Она ничего не понимала в происходящем! Революция представлялась ей грозовой ночью, опустившейся на Россию. Она боялась некоторых слов: например, совдеп казался ей свирепым словом, ревком – страшным, как рев быка, просунувшего кудрявую морду сквозь плетень в сад, где стояла маленькая Катя (было такое происшествие в детстве). Когда она разворачивала коричневый газетный лист и читала: «Французский империализм с его мрачными захватными планами и хищническими союзами…» – ей представлялся тихий в голубоватой летней мгле Париж, запах ванили и грусти, журчащие ручейки вдоль тротуаров, вспоминала о незнакомом старом человеке, который ходил за Катей повсюду и за день до смерти заговорил с ней на скамейке в саду: «Вы не должны меня бояться, у меня грудная жаба, я старик. Со мной случилось большое несчастье, – я вас полюбил. О, какое милое, какое милое ваше лицо…» «Ну, какие же они империалисты», – думала Катя.

Зима кончалась. По городу ходили слухи один другого удивительнее. Говорили, что англичане и французы тайно мирятся с немцами, с тем чтобы общими силами двинуться на Россию. Рассказывали о легендарных победах генерала Корнилова, который с горсточкой офицеров разбивает многотысячные отряды Красной гвардии, берет станицы, отдает их за ненадобностью и к лету готовит генеральное наступление на Москву.

– Ах, Катя, – говорил Рощин, – ведь я сижу в тепле, а там дерутся… Нельзя, нельзя…

Четвертого февраля мимо окон докторской квартиры пошли толпы народа с флагами и лозунгами. Падал крупный снег, поднималась метель, медные трубы ревели «Интернационал». Шумно ввалился в столовую доктор в шапке и шубе, засыпанный снегом.

– Господа, мир с немцами!

Рощин молча взглянул на ерническое, широкое, мокрое, самодовольно ухмыляющееся лицо доктора и подошел к окошку. Там за сплошной пеленой бурана шли бесчисленные толпы – в обнимку, кучами, крича и смеясь: шинели, шинели, полушубки, бабы, мальчишки, – валила серая, коренная Русь. Откуда взялось их столько?

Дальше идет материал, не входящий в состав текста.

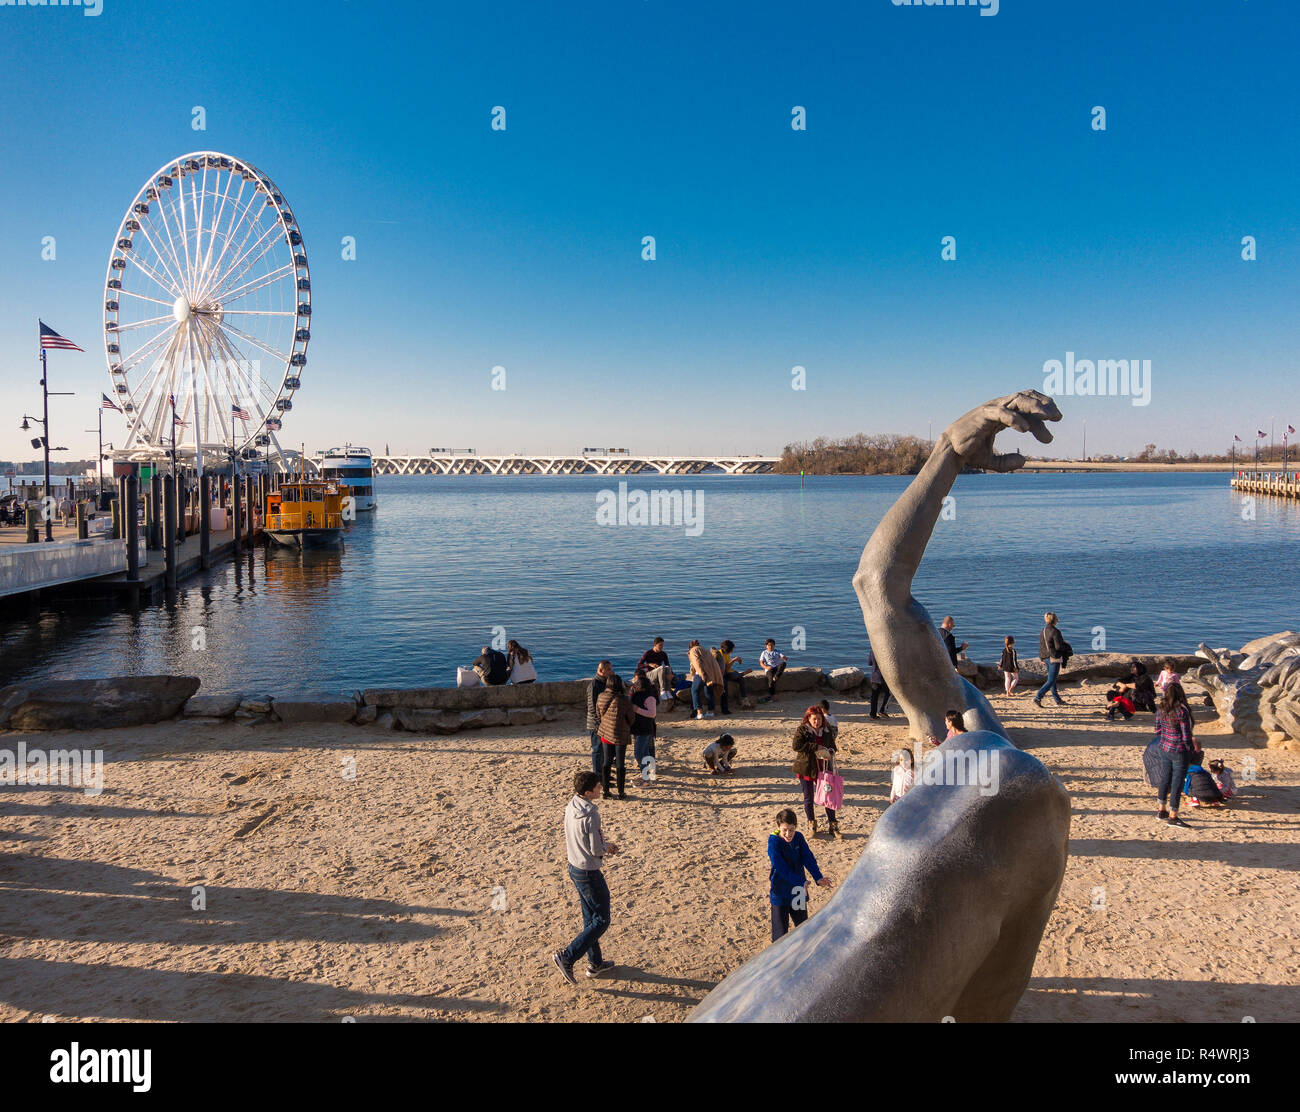 NATIONAL HARBOR, MARYLAND, USA - The Awakening sculpture and people on beach, with Capital Wheel amusement ride at left. Stock Photo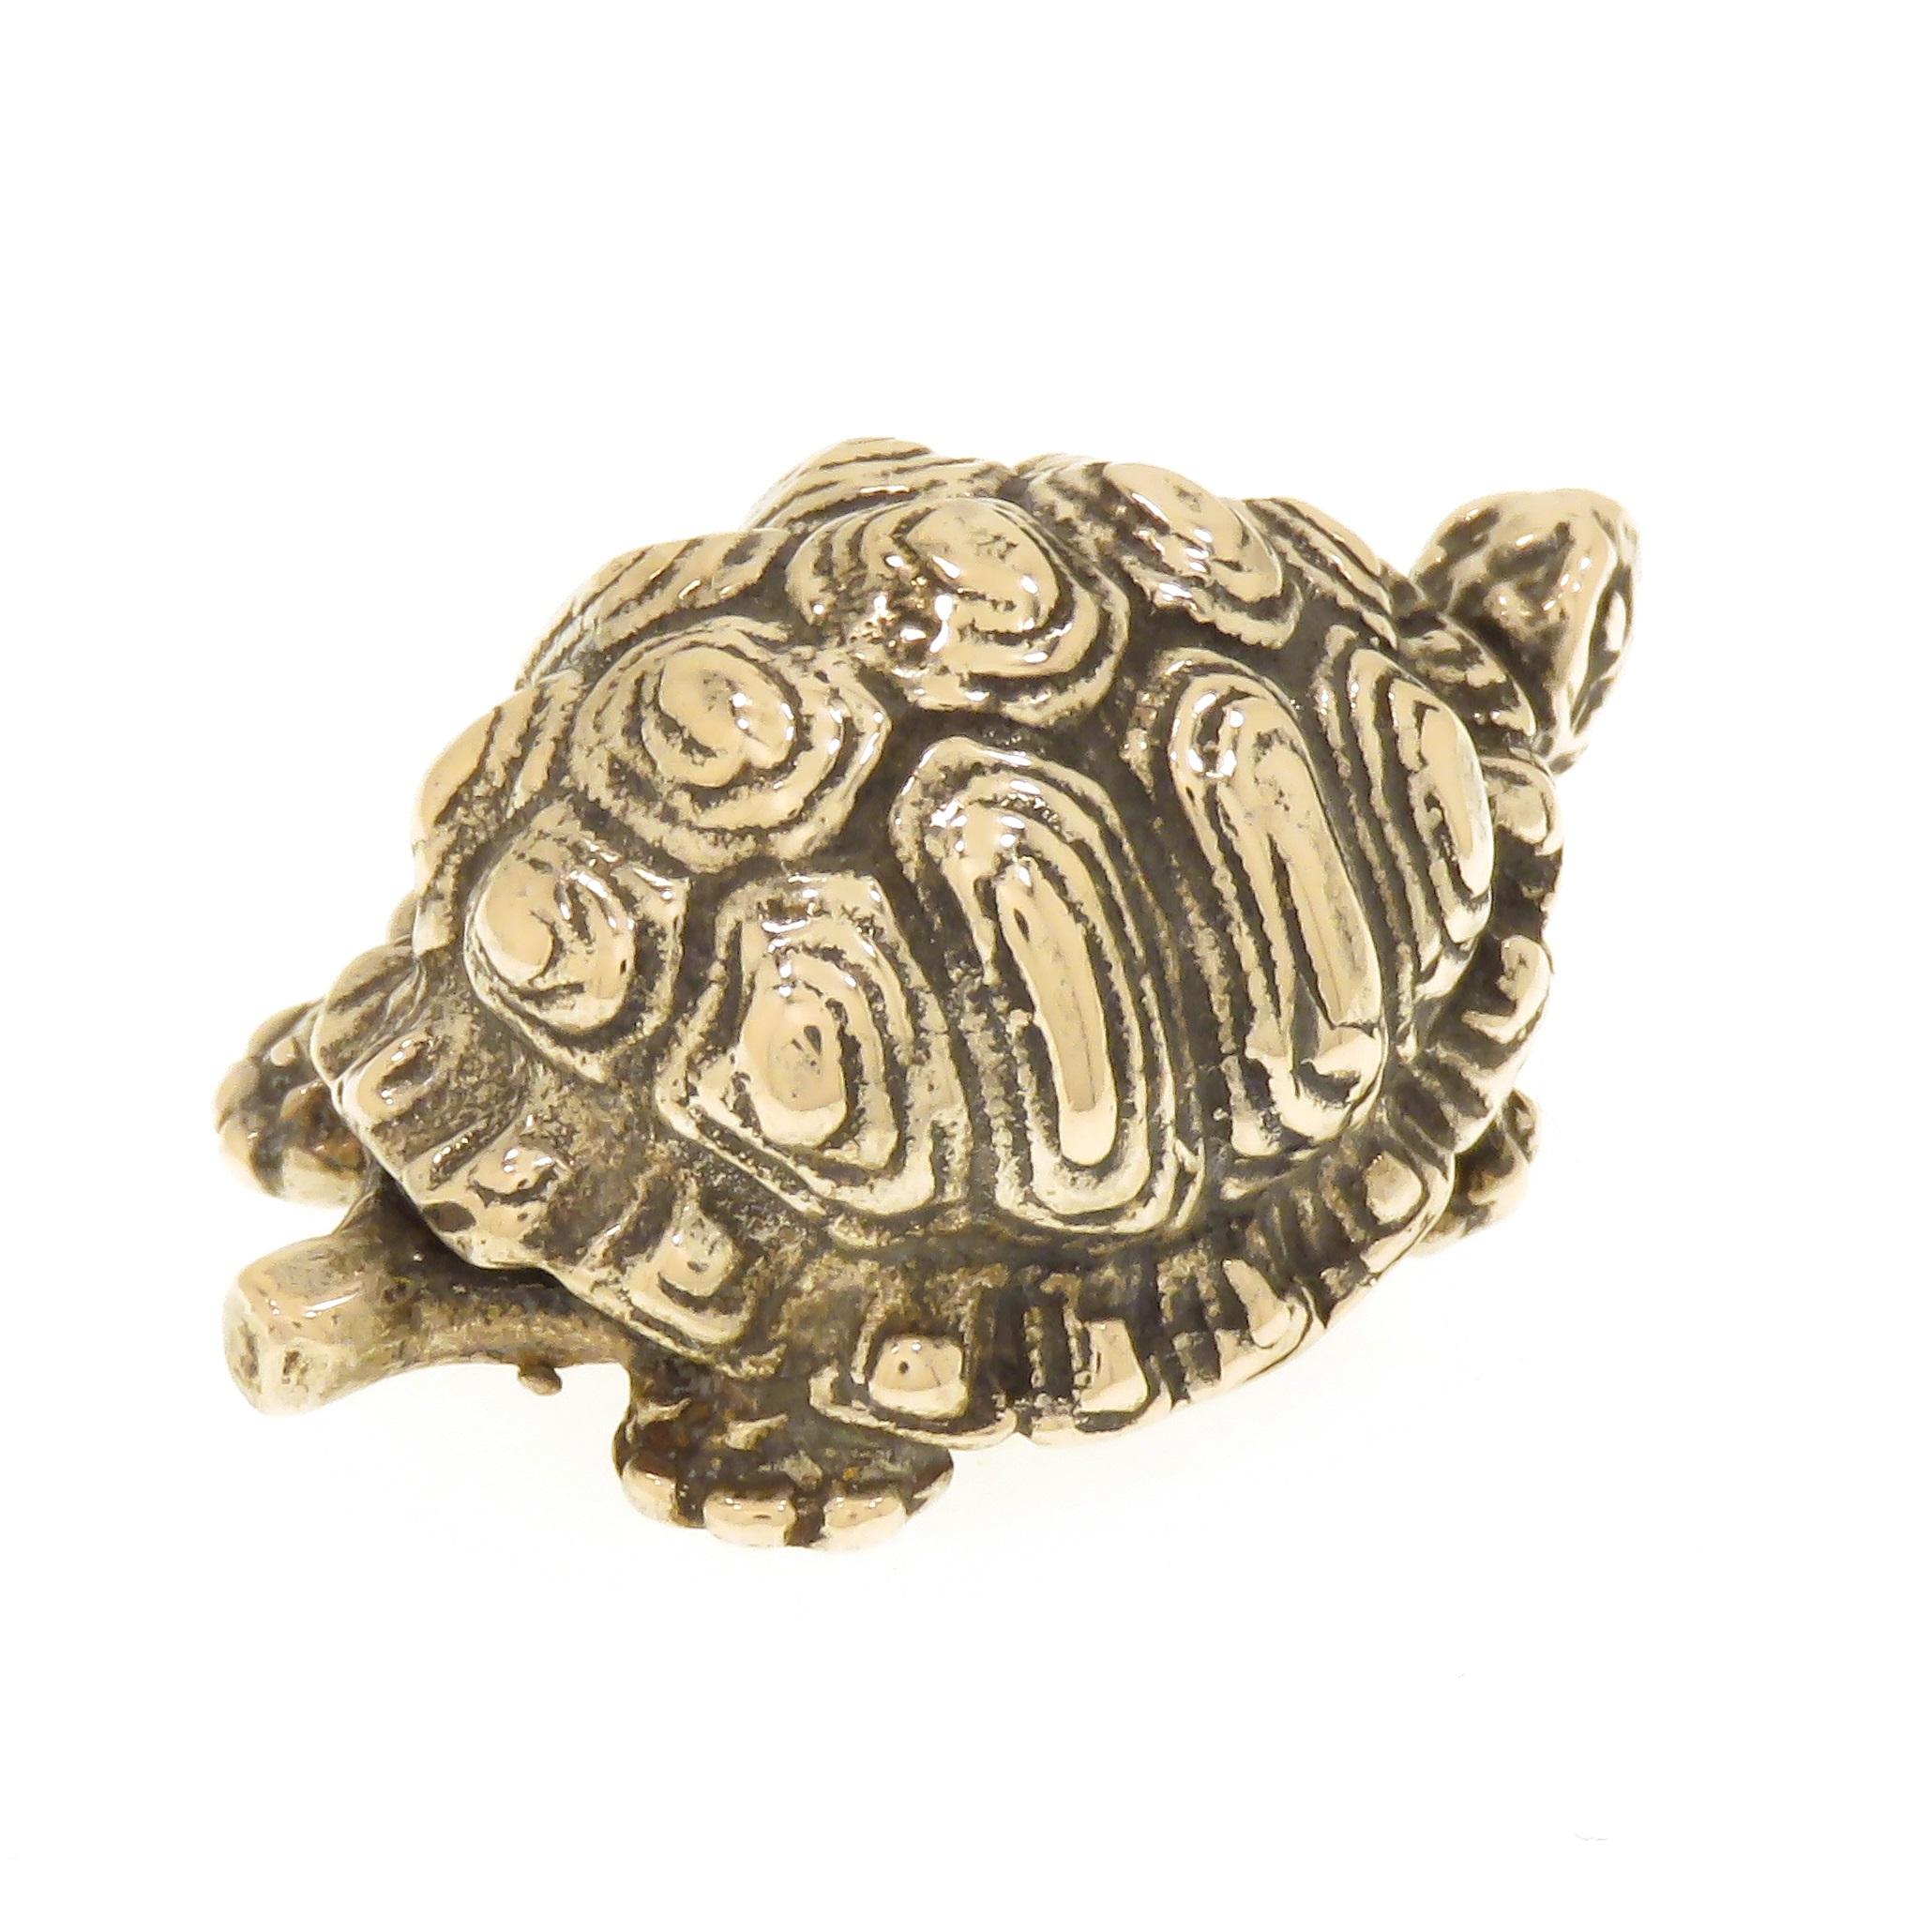 Retro Solid Silver Turtle Figurine Vintage 1970s Made in Italy For Sale

Серебряный затылок Рощина, напряженный и недоумевающий, ушел в плечи. Катя щекой коснулась его плеча. За высоким окном проходила непонятная ей жизнь.

– Смотри, Вадим, – сказала она, – какие радостные лица… Неужели это конец войне? Не верится, – какое счастье…

Рощин отстранился от нее, сжал за спиной руки, разрез рта его был жесток.

– Рано обрадовались…

В небольшой сводчатой комнате сидело за столом пять человек – в помятых пиджаках, в солдатских суконных рубахах. Их лица были темны от бессонницы. На прожженном сукне, покрывавшем стол, среди бумаг, окурков и кусков хлеба, стояли чайные стаканы и телефонные аппараты. Иногда дверь отворялась в длинный, гудящий народом коридор, входил широкоплечий, в ременном снаряжении, военный, приносил бумаги для подписи.

Председательствующий, пятый за столом, небольшого роста человек, в сером куцем пиджаке, сидел в кресле, слишком высоком по его росту, и, казалось, дремал. Левая рука его лежала на лбу, прикрывая глаза и нос; был виден только прямой рот с жесткими усиками и небритая щека с двигающимся мускулом. Только тот, кто близко знал его, мог заметить, что в щель между пальцами, устало прикрывшими лицо его, глядит острый, лукавый глаз на докладчика, отмечает игру лиц собеседников.